A surplus or shortage charged pro-rata not exceeding 10%.

Where an order provides for delivery by instalments then, for the purposes of the clause, these instalments shall be aggregated.

Sketches, etc

All sketches and origination work shall remain the property of the Seller.

Customer’s Print and Construction Requirement

Alteration from original copy, on and after first proof including alterations in style of construction will be charged extra. Proofs of all work carried out may be submitted for Customer’s approval and no responsibility will be accepted for any errors in proofs which may be passed by him.
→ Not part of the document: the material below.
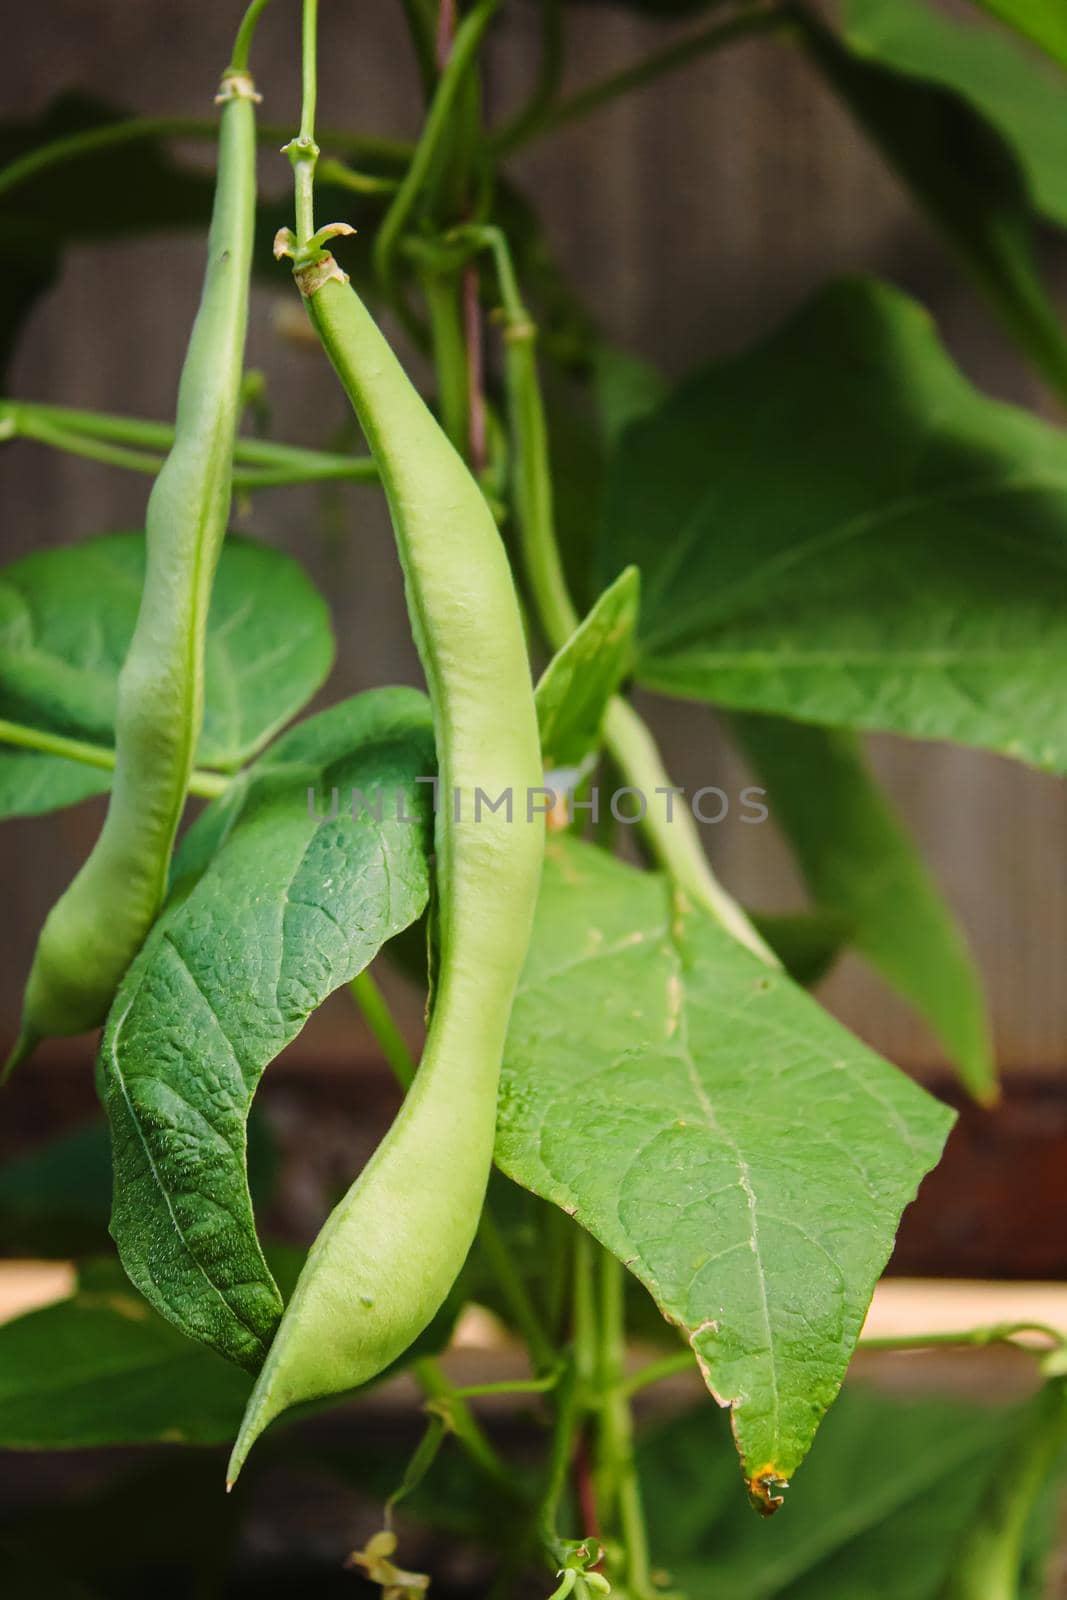 selenium bean pods in garden. selective focus by mila1784

The Customer shall be solely responsible for any matter which the Seller prints on the goods, on the instructions or at the request of the Customer, for any design or construction which the Seller executes on the instruction, or at the request of the Customer whether the same shall have been supplied by the Seller, or by the Customer and solely responsible for any claim or proceeding made or brought by a third party arising there from.

Bar Coding

(i)In the case of bar codes or symbols, the Seller shall print the same as specified or approved by the Customer in accordance with generally accepted standards and procedures.

(ii)The Customer shall be responsible for satisfying themselves that the code or symbol will read correctly on the equipment likely to be used by those for whom the code or symbol is intended.

(iii)The Customer shall indemnify the Seller against any claim by any party resulting from the code or symbol not reading, or not reading correctly for any reason, except to the extent that such claim arises from any failure of the Seller to comply with sub-section (i) above which is not attributable to error falling within the tolerances generally accepted in the trade in relation to printing of this sort.


(i)Any complaints or claims will only be entertained if notified by the Buyer within 14 days of receipt of goods by Him.

(ii)The return of goods for credit will not be accepted unless the Seller or His Representatives shall have had the opportunity of examining same.

Price Variation

The price is subject to review in the event of any increase/decrease in the cost incurred by the Seller between the date of confirmation of the order, and the date of delivery to the Buyer.


Whilst every endeavour will be made to supply materials in accordance with the quality of samples submitted or quoted for, the contract is not a contract of sale by sample.

Property Belonging to the Buyer

Materials supplied by the Buyer will be held at Buyer’s risk. Every care will be taken to secure the best results where materials have been supplied by the Buyer, but responsibility will not be accepted for imperfect work caused by defects in or because of unsuitable materials supplied.

Title of Property

Title in the goods does not pass until full payment has been received. Until such time as full payment is received, the Purchaser is to be the Seller’s agent in respect of the goods and will have fiduciary duty to account for any monies received or debt created on the further sale of the goods supplied, whether as a separately identifiable item, or as a part of another product sold or disposed of by the original Purchaser of the goods. Further, if payment is not received and the Purchaser should be wound up or a Receiver appointed over the whole or part of the Purchaser’s undertaking, or an execution of distress levied against the Purchaser, the Seller shall be entitled to enter and repossess the goods.

Force Majeure, etc

The performance of all Contracts are subject to variation or cancellation by the Seller owing to any act of God, war, strikes, lock-outs, fire, flood, drought, tempest, or any other cause beyond the control of the Seller, or owing to any inability by the Seller to produce materials or articles required for the performance of the contract, and the Seller shall not be held responsible for any inability to deliver caused by such contingency.